上記の結果をもとにテストコードを GitHub Copilot と一緒に書いた結果以下のようになりました。だいぶ見栄えが良くなりました。

# multiply()のテストコードを以下の条件に従って書いてください。
# Condition: 成功ケースを含める
class TestMultiply(unittest.TestCase):
    def test_multiply(self):
        # 2つの正の整数を入力した場合、正しい結果を返すことを確認する。
        self.assertEqual(multiply(3, 4), 12)
        # 2つの負の整数を入力した場合、正しい結果を返すことを確認する。
        self.assertEqual(multiply(-3, -4), 12)
        # 1つの正の整数と1つの負の整数を入力した場合、正しい結果を返すことを確認する。
        self.assertEqual(multiply(3, -4), -12)
        # 1つの入力が0である場合、結果が0であることを確認する。
        self.assertEqual(multiply(3, 0), 0)
        # 1つの入力が小数である場合、エラーが発生することを確認する。
        self.assertRaises(ValueError, multiply, 3, 0.1)
        # 1つの入力が文字列である場合、エラーが発生することを確認する。
        self.assertRaises(ValueError, multiply, 3, "a")
        # 整数以外の入力が与えられた場合、エラーが発生することを確認する。
        self.assertRaises(TypeError, multiply, 3, "a")

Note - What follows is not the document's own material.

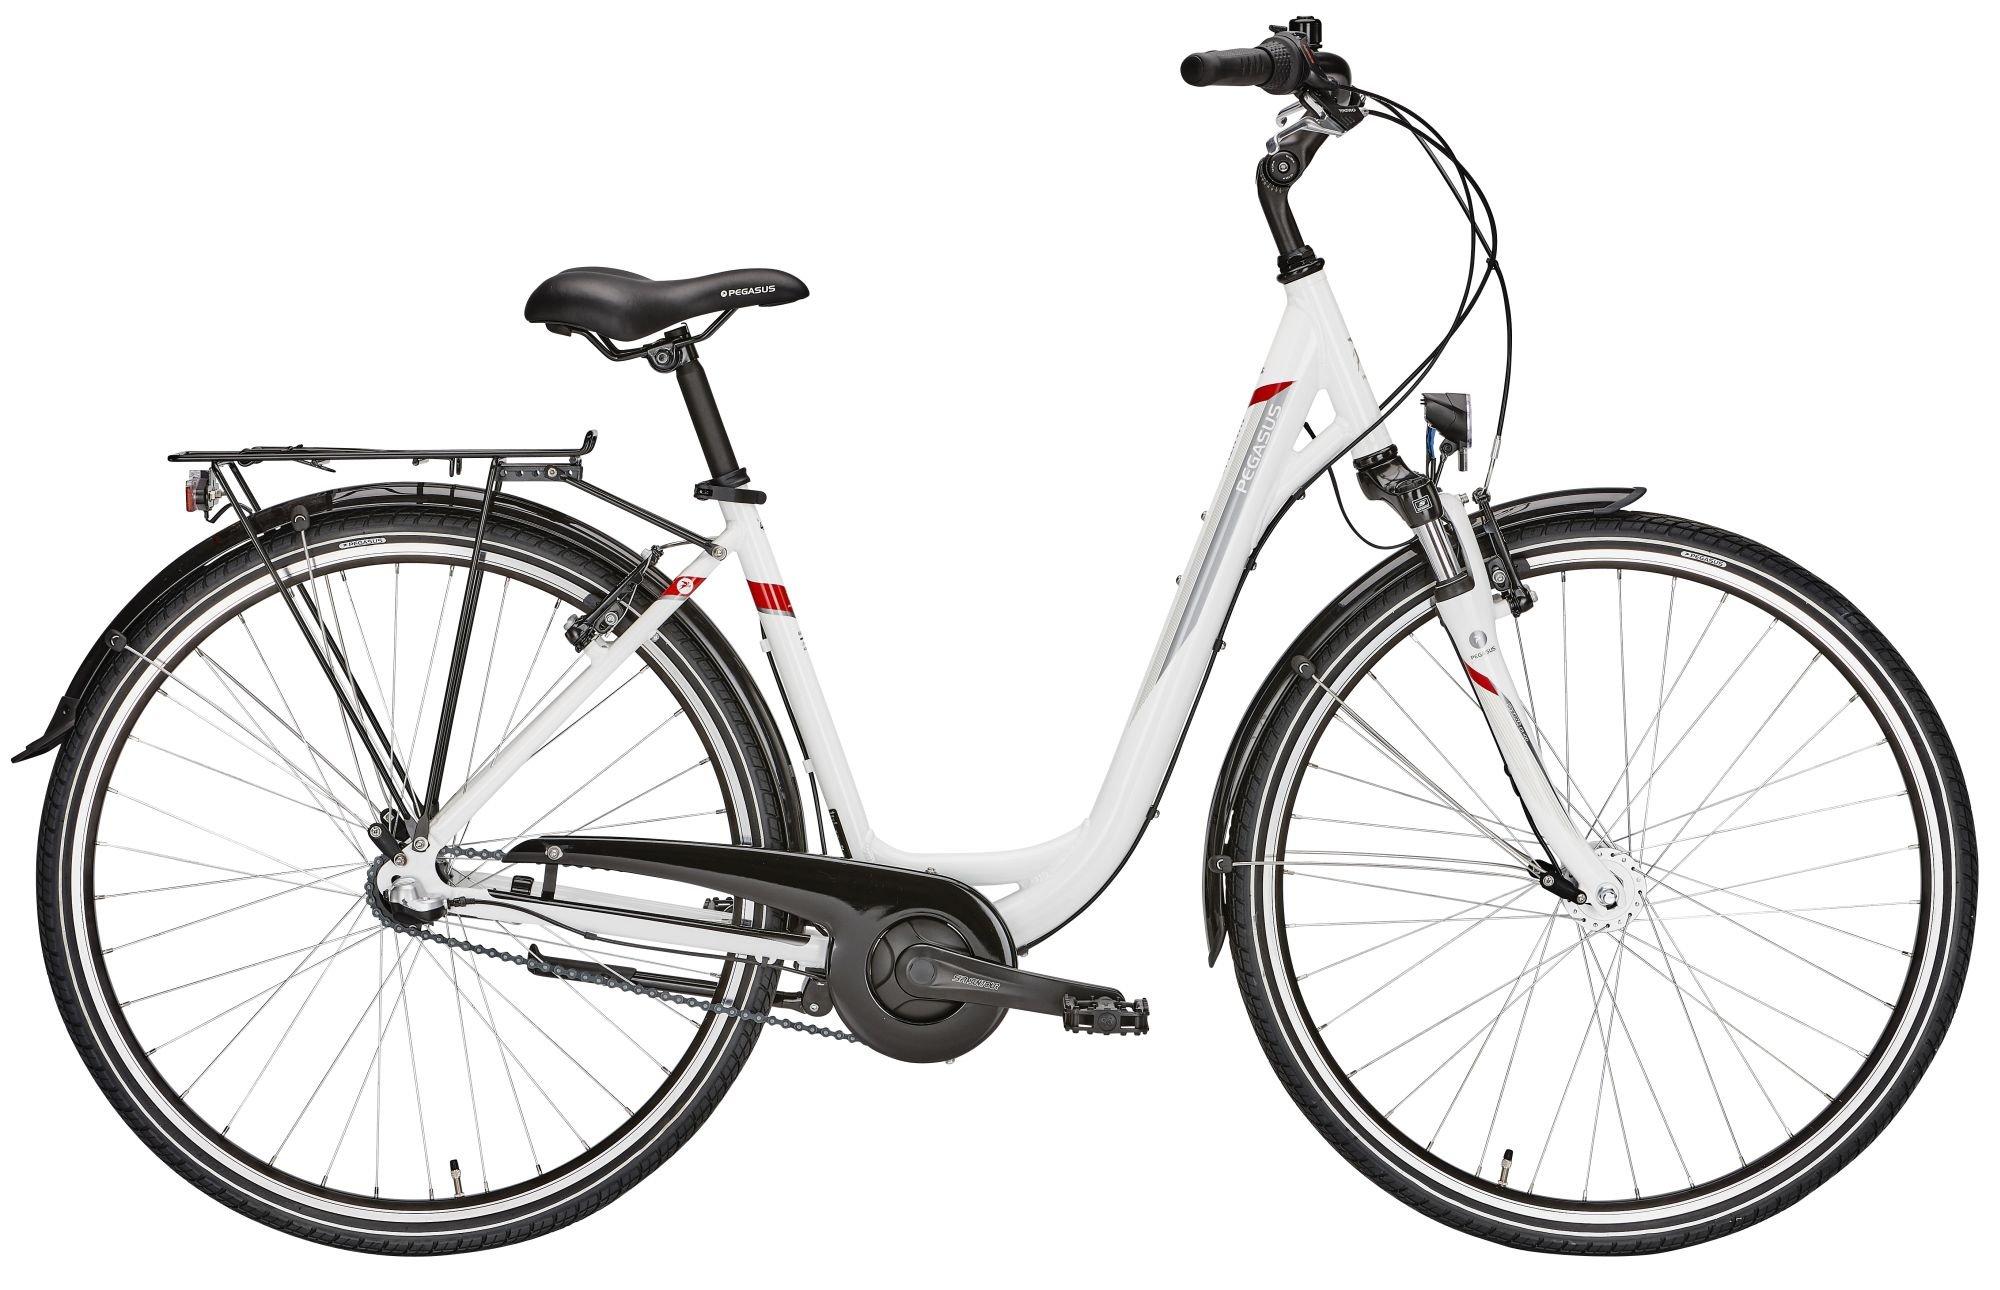 city-/tourenräder/Citybikes: Pegasus  Avanti 7  26 Zoll 7 Gang Nabenschaltung Damenfahrrad Tiefeinsteiger Modell 2020 26 Zoll 50 cm

一方でこれも完璧かというとそうではありません。 1つの入力が小数である場合、エラーが発生することを確認する必要があるのかは実装によりますし、最後の2つのテストケースは同じエラーをテストしています。 まだ修正の余地はありますが、テストコードを書く書き初めの段階でここまで一瞬で辿り着けることは素晴らしいことです。

Resulting Context

GitHub Copilotを使用してコードを自動生成する際には、テストコードの網羅性に注意する必要があります。 詳細な文脈を与え、ChatGPTなどの自然言語処理モデルを使用してより網羅的なテストケースを作成することができます。 しかし一方で完璧なテストコードを自動生成することはできないため、手動で修正する必要があることに留意する必要があります。 テストコードはプログラム品質を保証するために非常に重要であり、網羅的なテストケースを持つことは必要不可欠です。